Bisnis.com, JAKARTA—Situs media juga berpotensi diretas, kendati kasusnya relatif jarang dibandingkan dengan kasus peretasan situs pemerintah.
Pratama Persadha, Chairman, Communication and Information System Security Research Center (CISSReC), mengatakan resiko media—terutama media arus utama—untuk diserang tetap sama dengan situs pemerintah.
“Yang membedakan rata-rata situs milik instansi pemerintah sering kali kurang dijaga,” ujarnya hari ini Jumat (9/2/2018).
Pratama juga mengatakan tim IT media besar biasanya memang melakukan pengawasan, tapi kelemahan akan tetap ada.
Tim IT harus melakukan checking setiap hari. “Hari ini aman belum tentu besok aman,” tuturnya.
Pratama--mengutip Edward Snowden—membeberkan pada 2015 ada trend media menjadi sasaran peretasan baik oleh state maupun non-state.

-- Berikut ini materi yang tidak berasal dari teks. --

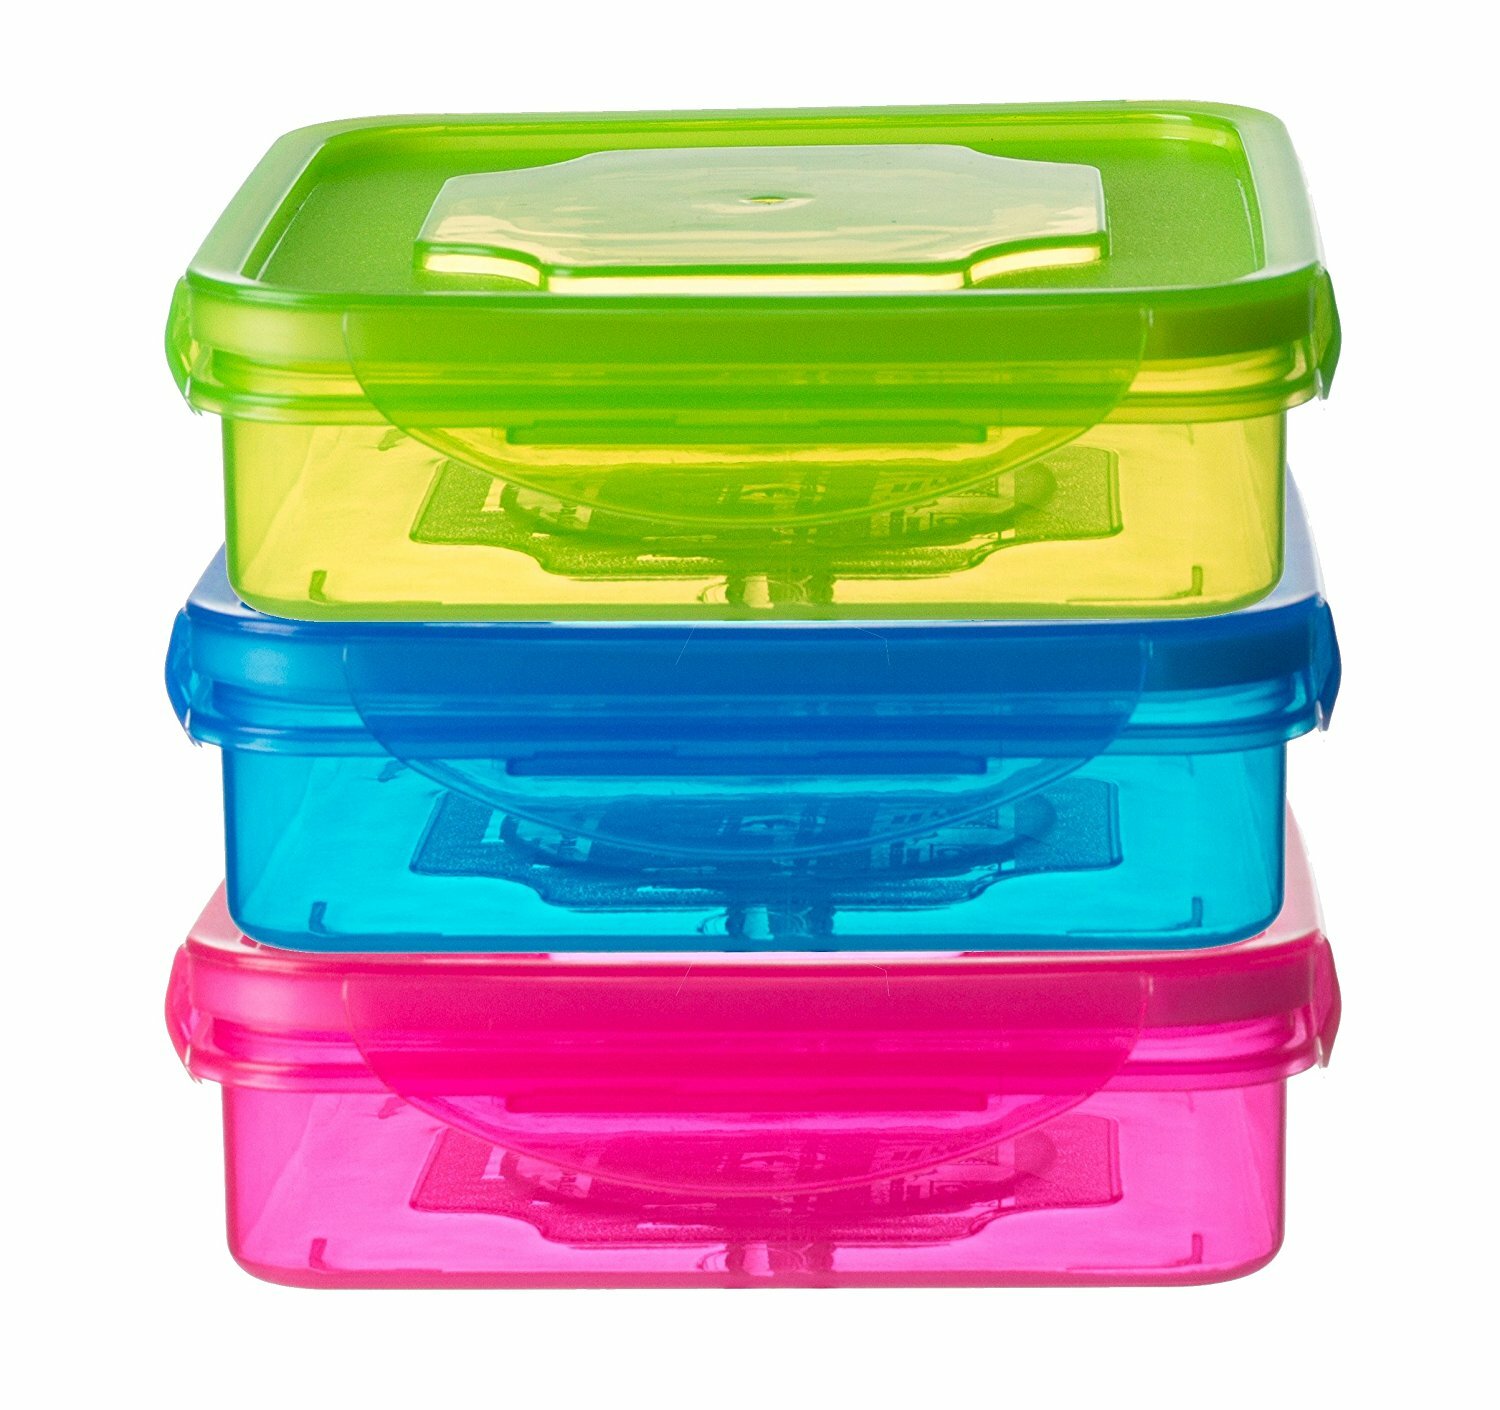 Rubbermaid Glass Baking Dish 8-Piece Set Only $21.99 Shipped, Oven,  Microwave & Freezer Safe

Hal ini dikarenakan media arus utama dianggap punya legitimasi mengeluarkan berita yang berpengaruh.
Lebih lanjut ia mencontohkan konflik Saudi dengan Qatar. Saudi pertama kali mengeluarkan sanksi dan ancaman embargo untuk Qatar dengan alasan pemberitaan Qatar News Agency (QNA) yang dinilai Saudi sebagai bentuk keberpihakan Qatar pada blok Iran.

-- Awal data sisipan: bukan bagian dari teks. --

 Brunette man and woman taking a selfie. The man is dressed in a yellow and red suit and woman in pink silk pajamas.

Pihak QNA dan pemerintah Qatar menjelaskan bahwa tidak pernah ada berita yg dimaksud dan itu adalah hasil peretasan.
“Itu menjadi bukti bahwa media juga menjadi salah satu objek dari peretasan. Apalagi dengan era digital, hoaks saja tidak cukup,” ujar Pratama.

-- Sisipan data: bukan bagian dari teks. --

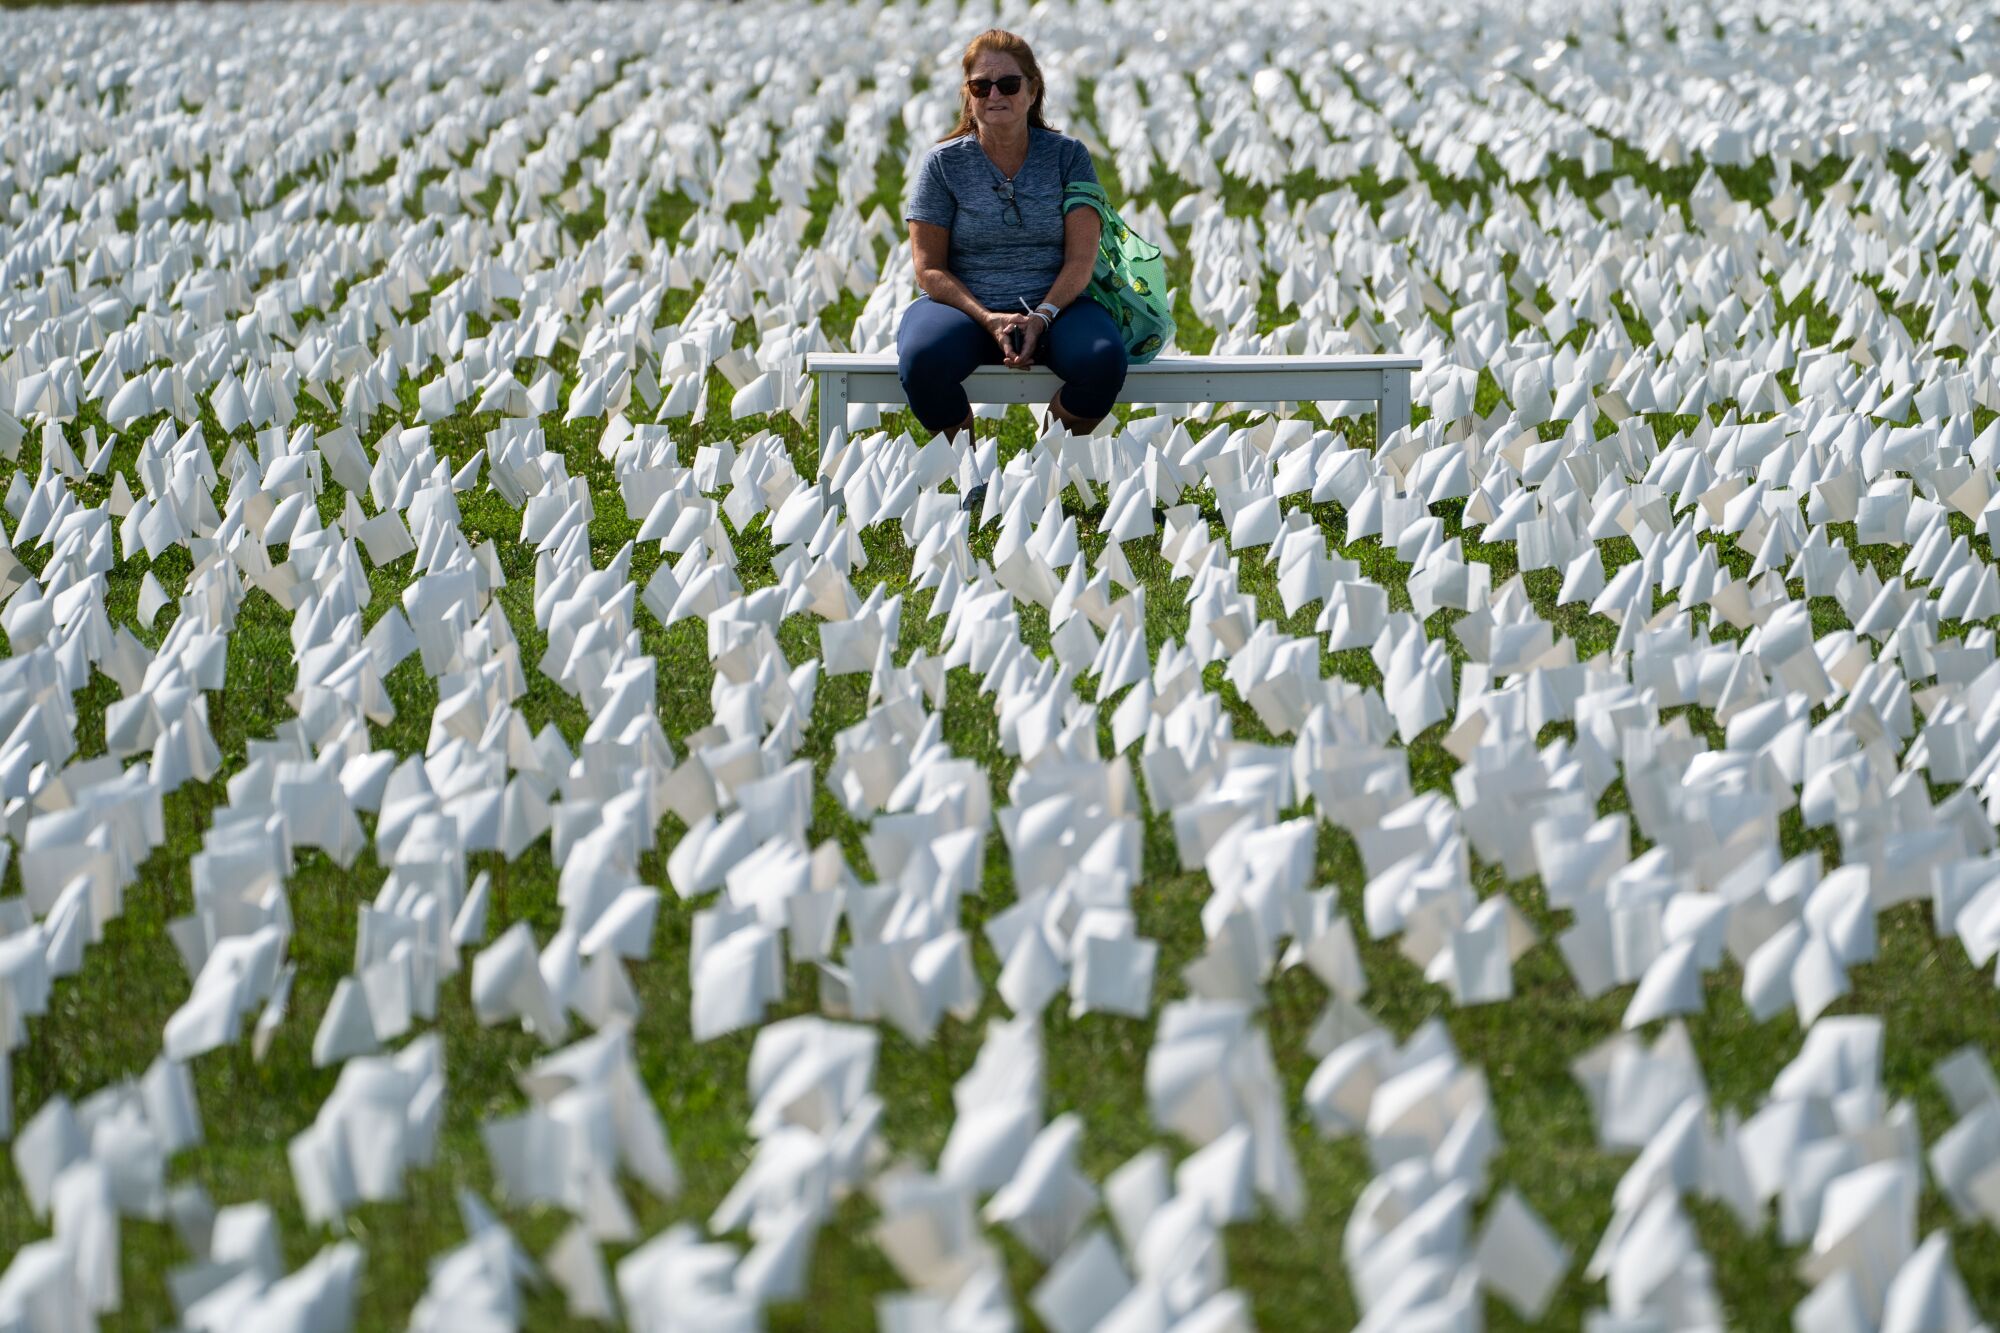 A woman sits on a bench amid rows of small white flags in the grass

Ia menilai keonaran dan instabilitas bisa lahir dari berita yang tidak diproduksi namun muncul di situs (berita) dan juga di media sosial.
Karena itu, Pratama menghimbau agar setiap personil media yang mempunyai akses tinggi ke sistem hatus dipastikan aman dan mengganti passwordnya secara berkalan.
Sebab, biasanya yang pertama kali diincar peretas adalah personil yang mempunyai akses lebih dalam ke sistem untuk membuat kerusakan lebih besar.